Recently, I’ve been describing myself as a hermit. When I say this people look at me funny and laugh. Those have to be the extroverts. I have many weekends where I get home from work at 5:30 p.m. on a Friday and I don’t leave my house again until 8 a.m. on Monday. That’s right I DON’T LEAVE THE HOUSE FOR TWO DAYS. No, I’m not a recluse, although I could be considered one. I just like quiet space where I can read and watch TV and spend time with my family. I don’t need to be out in crowds to get my enjoyment. In fact, being on a private island with access to Netflix, books, fresh food and a hammock sounds like heaven to me. I don’t even care if anyone is on the island with me, just give me a quiet location and I will be happy. Yes, that truly would be my happy place.
Until next time…enjoy the view from your passenger seat.
Are you an introvert or an extrovert? Take the unofficial quiz below and answer the questions with either true or false. The more true you have the more introverted you are. The more false the more extroverted you are. I answered 17 of the 20 questions with true, that is how introverted I am:
- I prefer one-on-one conversations to group activities.

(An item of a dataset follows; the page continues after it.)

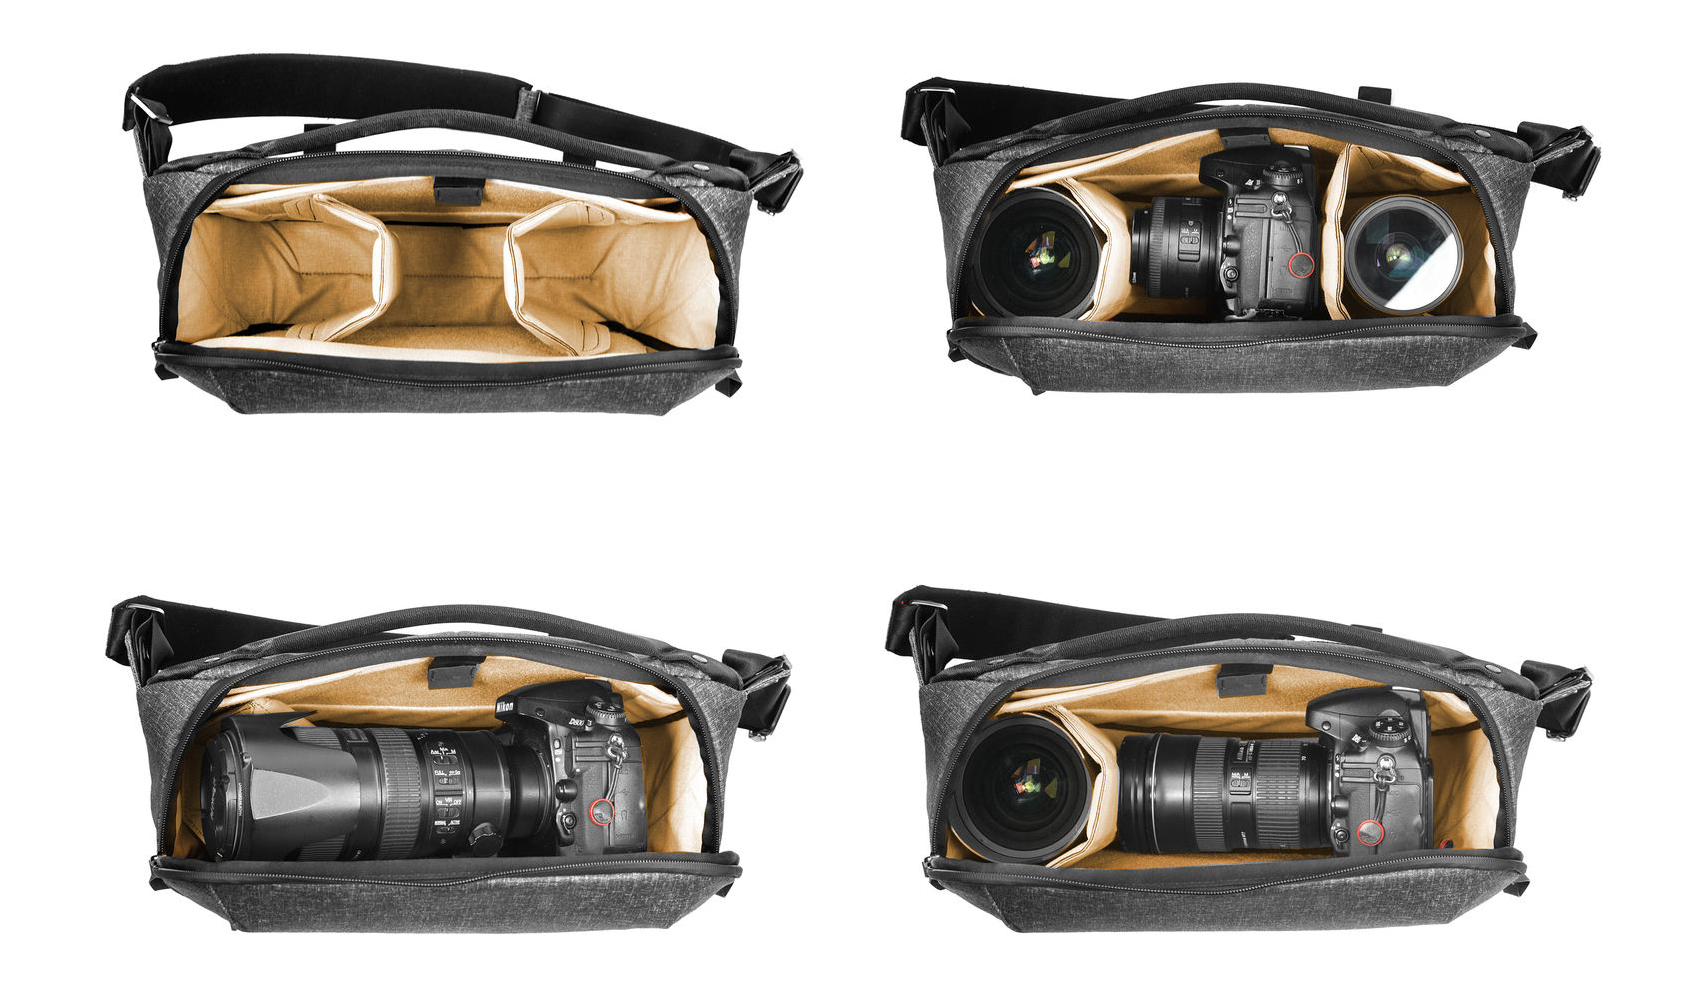 ซื้อ กระเป๋ากล้อง Peak Design Camera Bag Everyday Sling 10L Black, กระเป๋าใส่กล้องทุกชนิด, กระเป๋ากล้อง mirrorless, กระเป๋ากล้อง backpack, กระเป๋ากล้อง nikon, กระเป๋ากล้อง canon, กระเป๋ากล้องสะพายข้าง, กระเป๋ากล้องราคาถูก, กระเป๋ากล้อง herringbone ,กระเป๋ากล้อง fuji, กระเป๋ากล้องน้ำหนักเบา, กระเป๋ากล้องกันกระแทก, กระกระเป๋ากล้องแบร์นดัง ราคาพิเศษ พร้อมโปรโมชั่นลดราคา ส่งฟรี ส่งเร็ว ทั่วไทย

- I often prefer to express myself in writing.
- I enjoy solitude.
- I seem to care less than my peers about wealth, fame, and status.
- I dislike small talk, but I enjoy talking in depth about topics that matter to me.
- People tell me that I’m a good listener.
- I’m not a big risk-taker.
- I enjoy work that allows me to “dive in” with few interruptions.
- I like to celebrate birthdays on a small scale, with only one or two close friends or family members.
- People describe me as “soft-spoken” or “mellow.”
- I prefer not to show or discuss my work with others until it’s finished.
- I dislike conflict.
- I do my best work on my own.
- I tend to think before I speak.
- I feel drained after being out and about, even if I’ve enjoyed myself.
- I often let calls go through to voice mail.
- If I had to choose, I’d prefer a weekend with absolutely nothing to do to one with too many things scheduled.
- I don’t enjoy multitasking.
- I can concentrate easily.
- In classroom situations, I prefer lectures to seminars.